John Parkinson is a name that should ring a bell for many students of Seattle architectural history because, prior to his move to Los Angeles in 1894, he designed some of the city’s most distinguished buildings beginning in 1889. While his Butler Block (1889-90) has not survived, his Seattle National Bank Building, now the Interurban Building (1890-92), is the most distinguished example of Romanesque Revival in Seattle. He designed B.F. Day School (1891-92) in Fremont, leading to his appointment as Seattle’s first school architect and superintendent of construction.
At the time of his death in Los Angeles in 1935, the Los Angeles Times praised him, “Future generations have only to walk through the streets of Los Angeles to be reminded how much John Parkinson in his lifetime contributed to the city that grew up under his hand.” Stephen Gee proves that this singular visionary created the look of America’s most dynamic metropolis, long before the world recognized the city’s importance. Among more than four hundred Parkinson buildings in the City of Angels are the iconic Los Angeles City Hall, Bullock’s Wilshire Department Store, Los Angeles Memorial Coliseum, and Los Angeles Union Station.

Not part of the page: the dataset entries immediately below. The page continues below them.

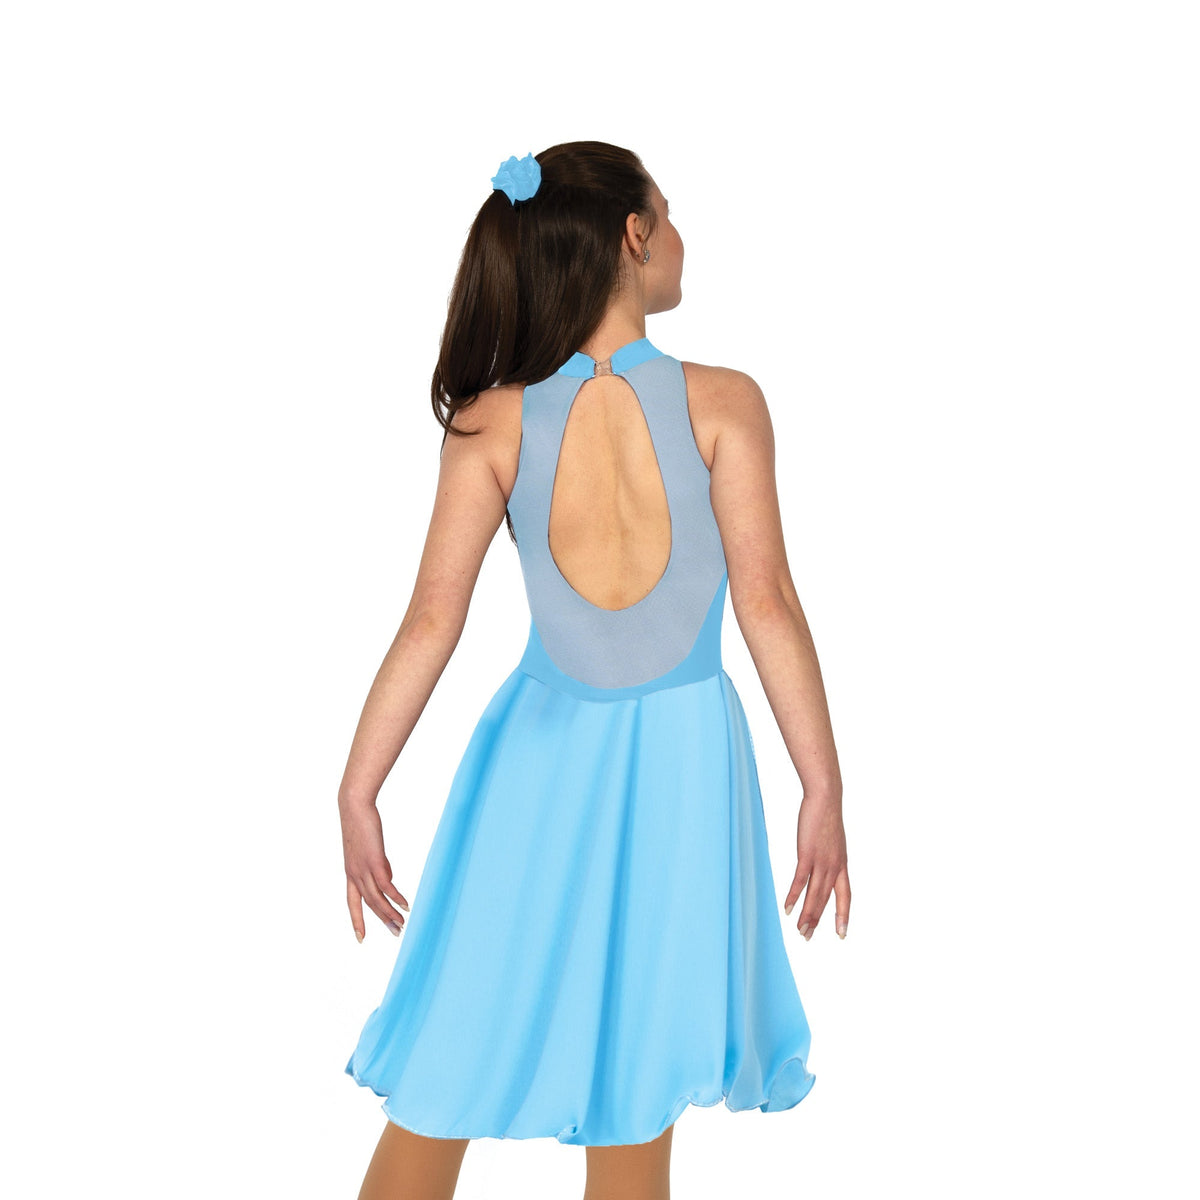 Keyhole Dance Dress Unembellished: Crystal Blue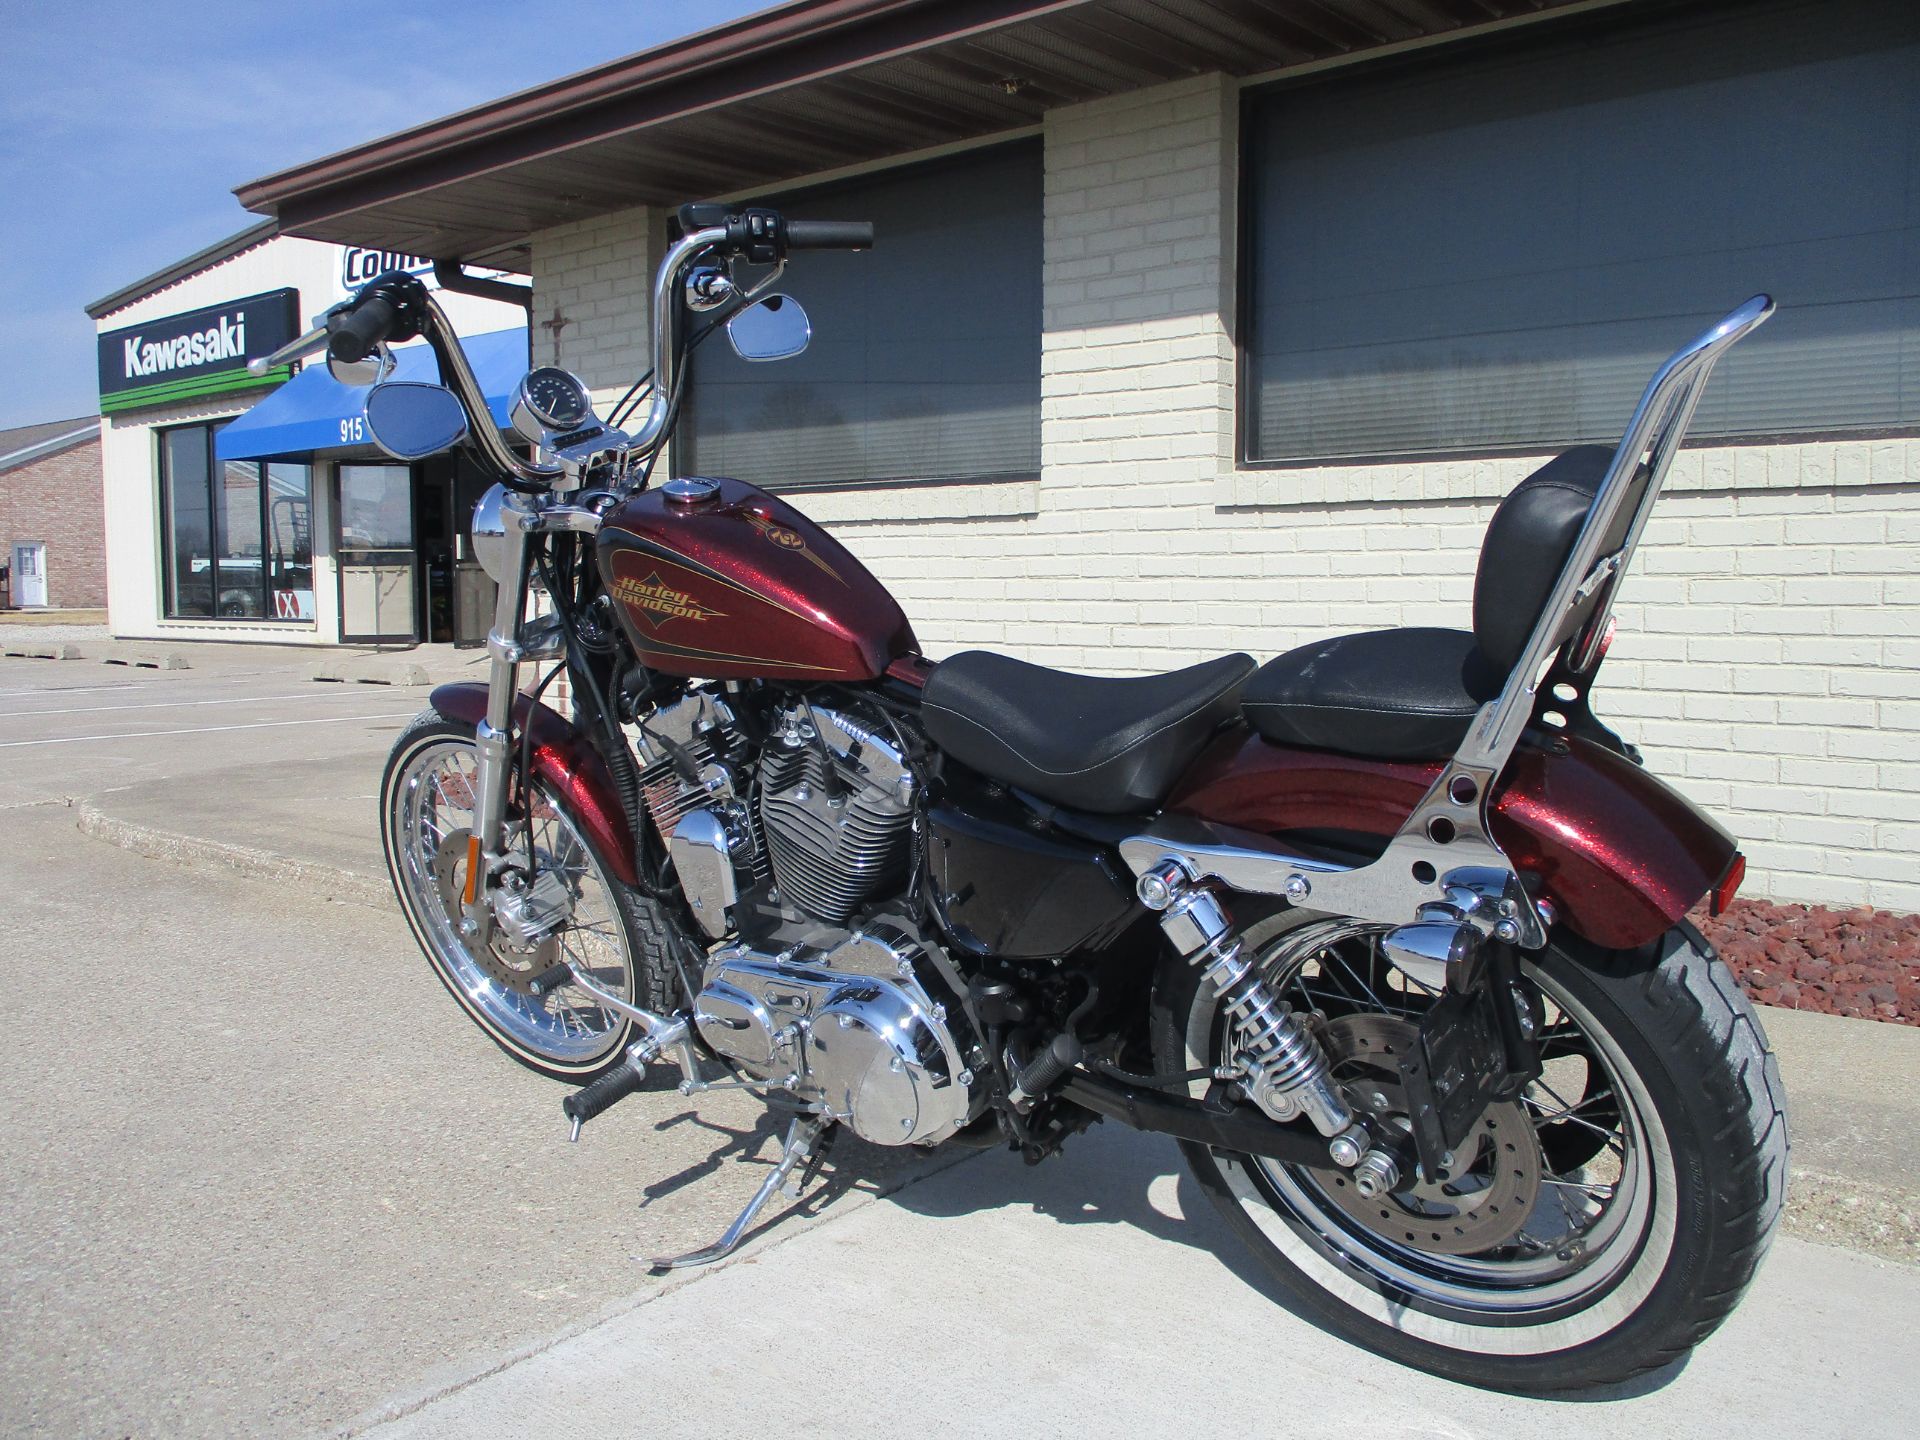 2012 Harley-Davidson Sportster® Seventy-Two™ in Winterset, Iowa - Photo 6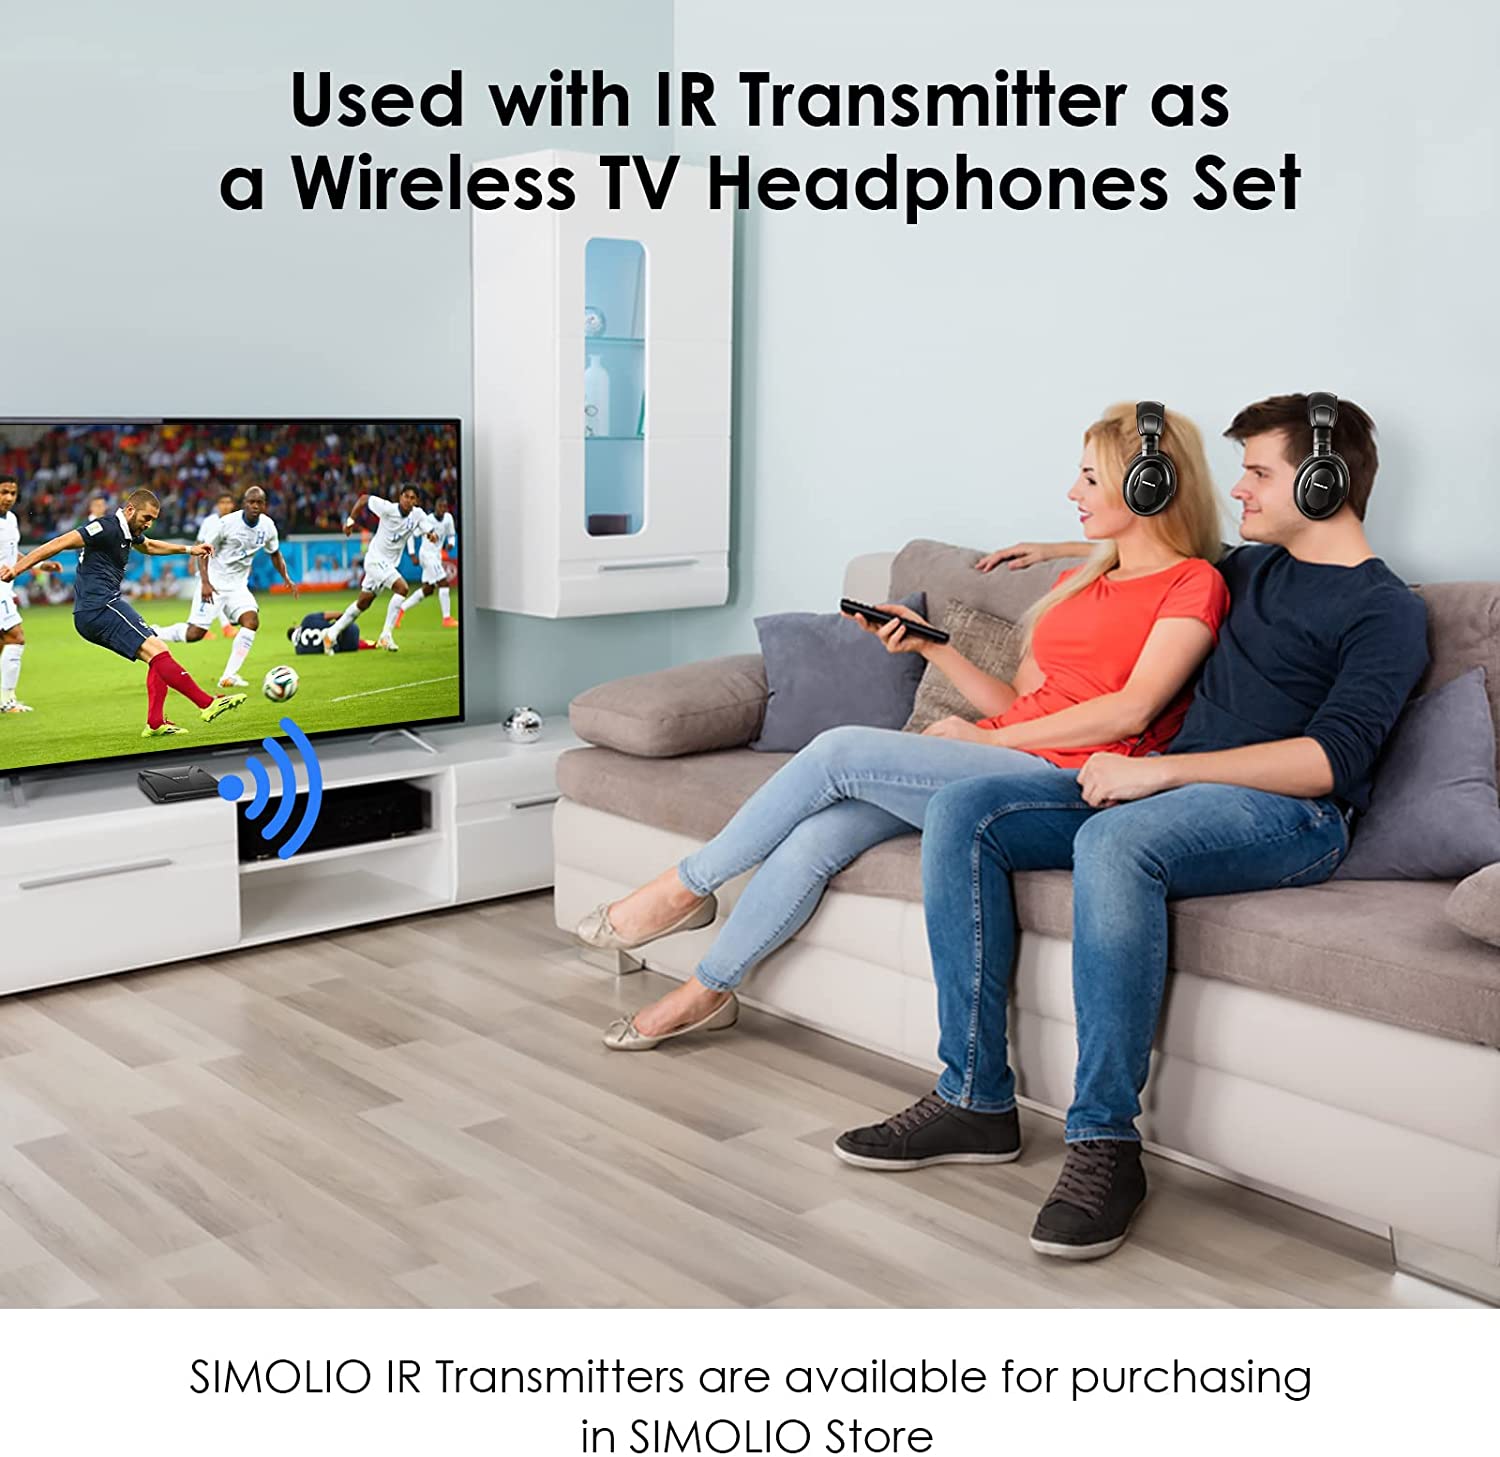 SIMOLIO wireless IR car headpphones for kids and adults work on TV SM-568

Stephen Gee shares Parkinson’s monumental contributions to the city he loved. Gee is a writer and television producer based in Los Angeles. He is the author of Iconic Vision: John Parkinson, Architect of Los Angeles and Los Angeles Central Library: A History of its Art and Architecture. Gee has worked on numerous award-winning television productions and has directed and produced live coverage of high-profile news stories, including U.S. presidential elections, important court cases, Hollywood events, as well as disasters—including the 9/11 tragedy. He has lived in Los Angeles since 1995.